Филиппо снова повернулся к Кодексу. Он осторожно провел рукой по странице с изображением дьявола. У него возникло ощущение, что пергамент противится этому. Прикосновение, к нему было неприятно, но в то же время действовало возбуждающе. Внезапно у Филиппо возникло видение. Он представил, себя возле церкви Санта-Мария-ин-Пальмис перед воротами Рима. Он был один. Воздух на улице дрожал от жары, в складках почвы блестели лужи из отраженного солнечного света и притворялись водой, небо было почти белым. Почти незаметно дрожащий воздух стал принимать некую форму, сгустился тенью, которая порывисто, будто в танце приближалась к нему, пока неожиданно он смог разглядеть в ней человеческие черты. Филиппо сглотнул и выпрямился. В нем поднялась болезненная уверенность в том, что теперь ему придется оправдываться. К его изумлению, приблизившееся видение оказалось его любимой сестрой Витторией. Она окинула Филиппо невыразительным взглядом. Он медленно протянул к ней руку – и почувствовал, как кто-то схватил его за запястье. Филиппо моргнул и вновь вернулся в прохладную старую капеллу Пернштейна. Прямо перед своим лицом он увидел синие глаза Геника, которые, кажется, пытались прочитать его мысли.

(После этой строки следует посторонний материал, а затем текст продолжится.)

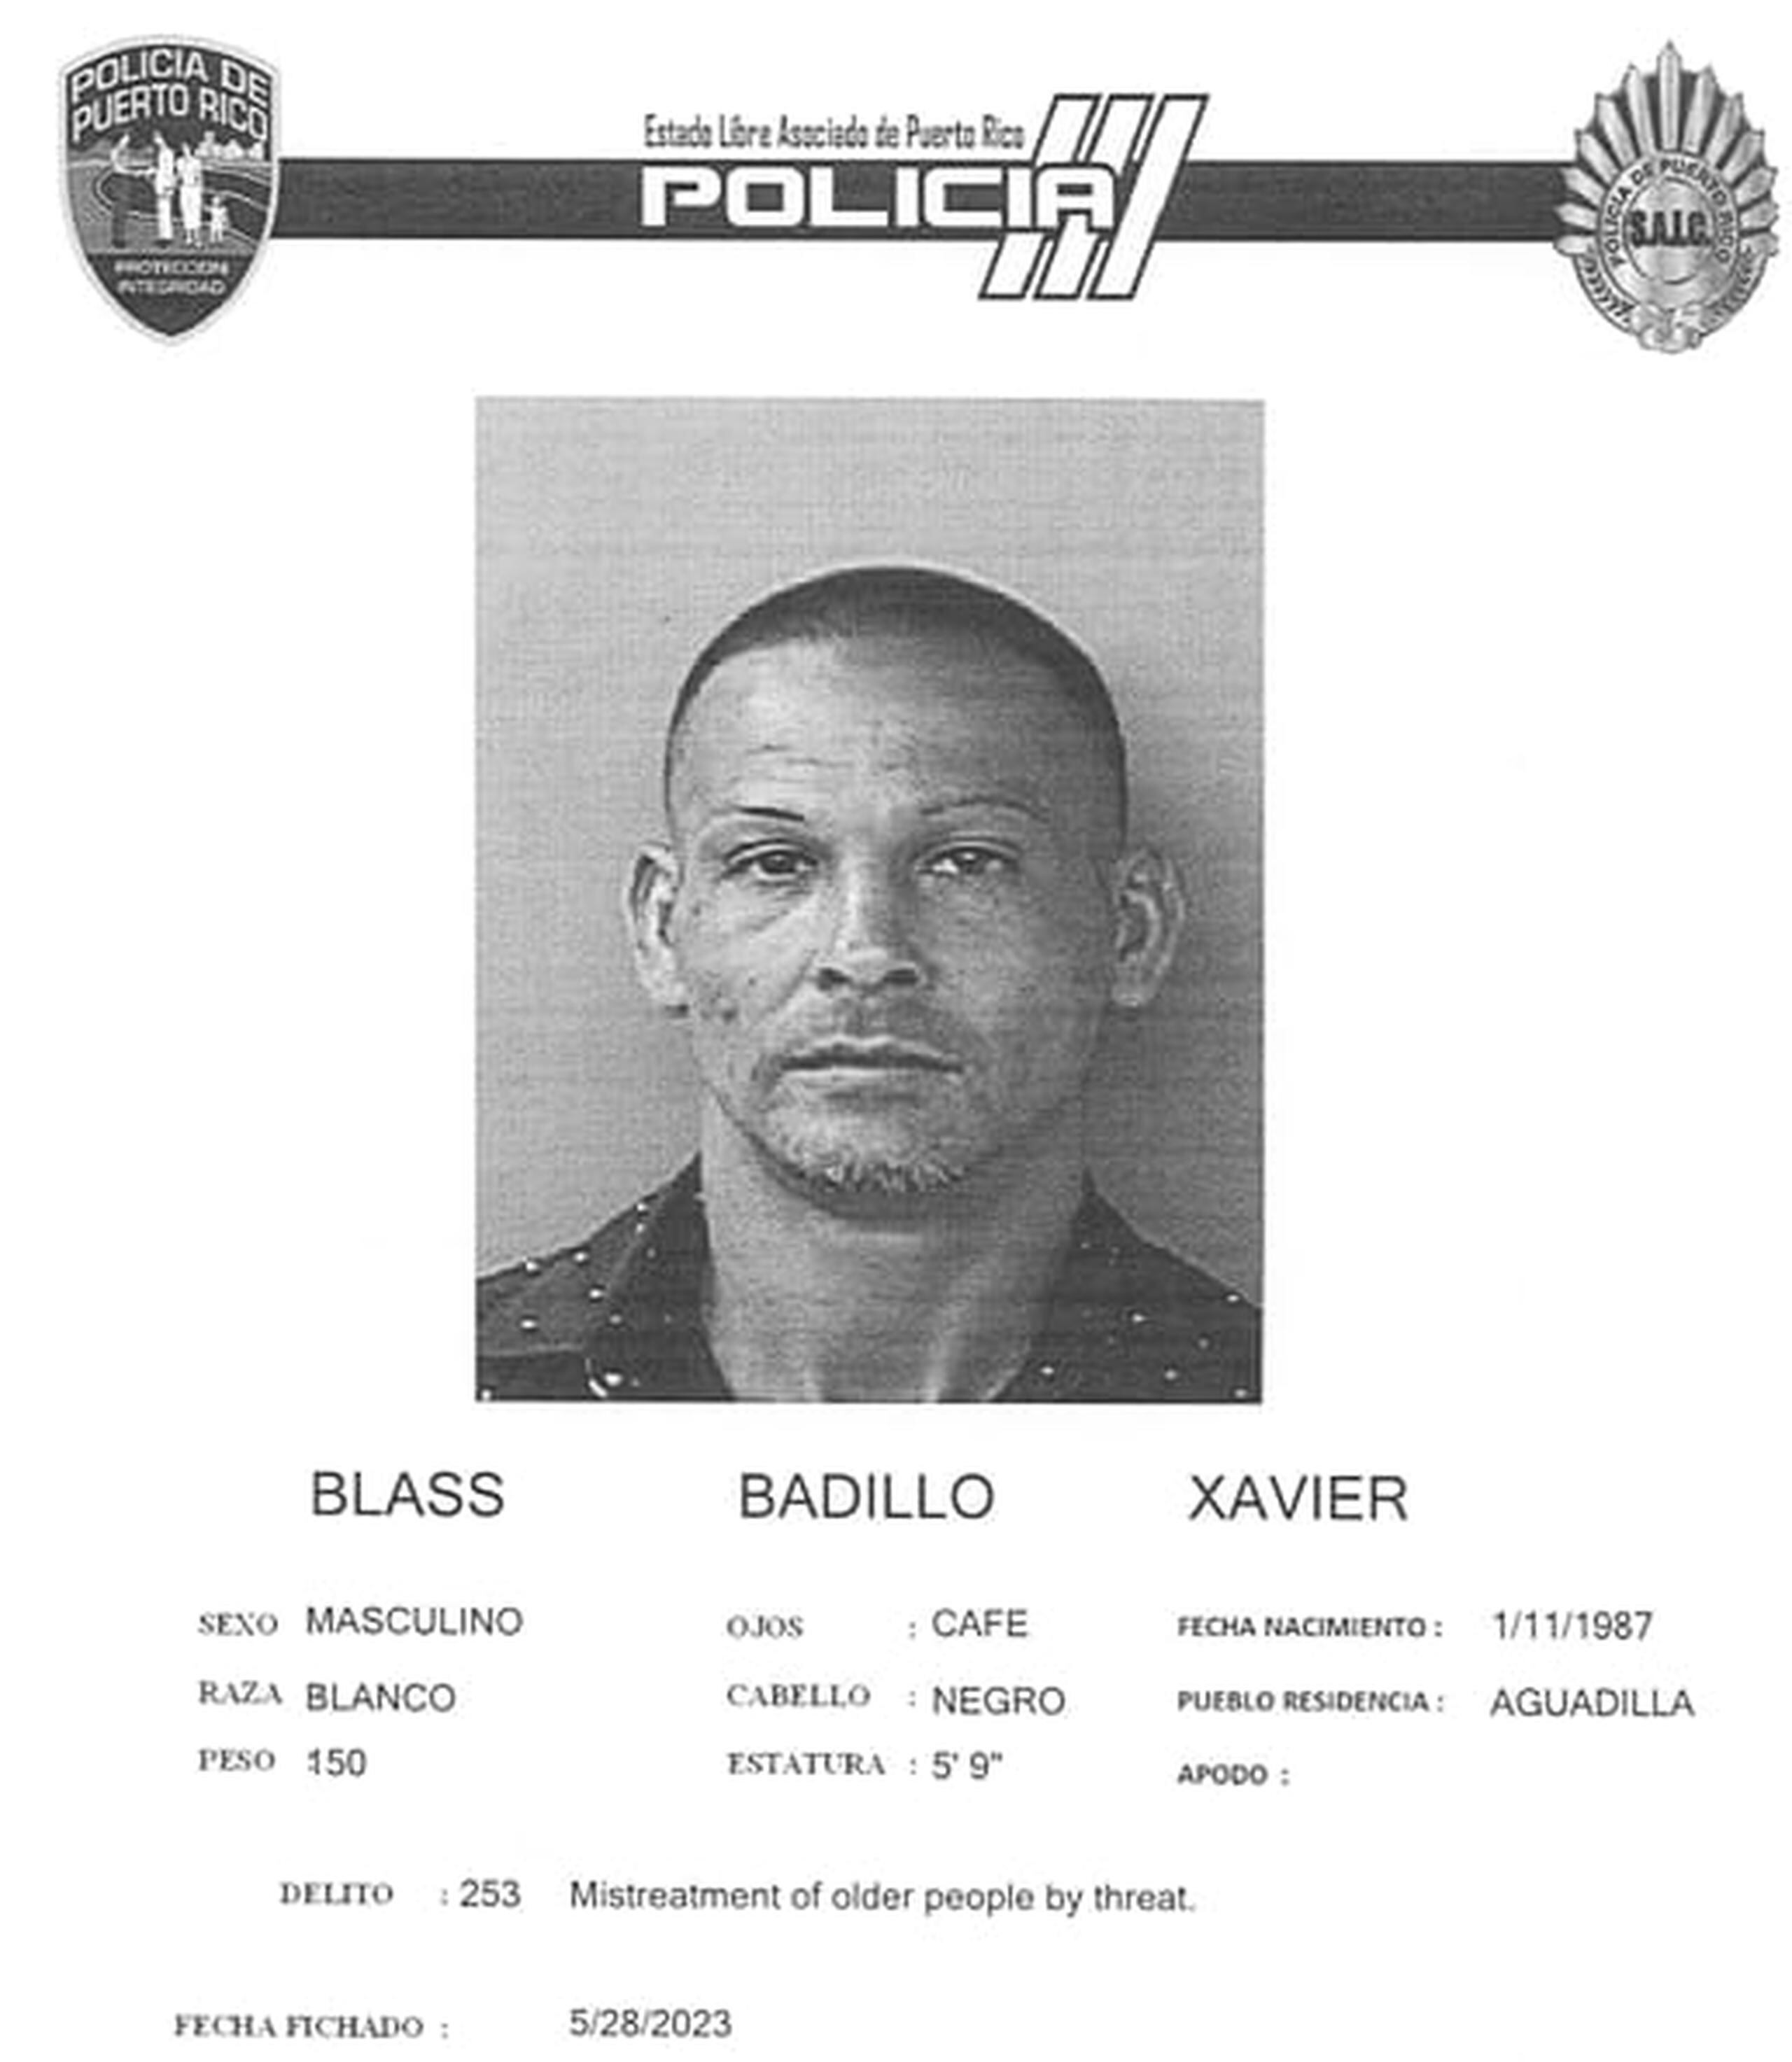 Xavier Blass Badillo enfrenta cargos por maltrato de personas de edad avanzada y amenaza.

– Не обещай слишком много, попик, – тихо произнес молодой человек. – В этом месте за несдержанные обещания расплачиваются кровью.
Филиппо его почти не слышал. Его взгляд искал Поликсену фон Лобкович, но он был один на один с Геником и Книгой. Он не слышал, как она вышла из помещения.
– Это не тот человек, с которым я познакомился в Праге, – прошептал Филиппо. – У этой женщины две души.
Напряженные черты лица Геника немного смягчились. Он отпустил запястье Филиппо.
– Действительно? – удивился он. – А я-то был уверен, что у нее нет ни одной.
Филиппо пристально посмотрел на него. Через мгновение Геник похлопал его по плечу и повернулся, тоже собравшись уйти.
– Удачи тебе, попик, – сказал он. – Ты не первый, кто пробует себя в этом. Я с удовольствием скормлю твой труп свиньям. – Уже у двери он резко обернулся и добавил: – Но возможно, ты тоже сдерживаешь свои обещания, не так ли?
Филиппо не обратил на него внимания. То, что ему привиделось, заставило его сердце биться учащеннее. В последний момент, прежде чем Геник прогнал фантом, лицо Виттории превратилось в лицо Поликсены, и она открыла рот, как если бы хотела задать ему вопрос. Он мог представить, как звучал этот вопрос: Quo vadis, domine?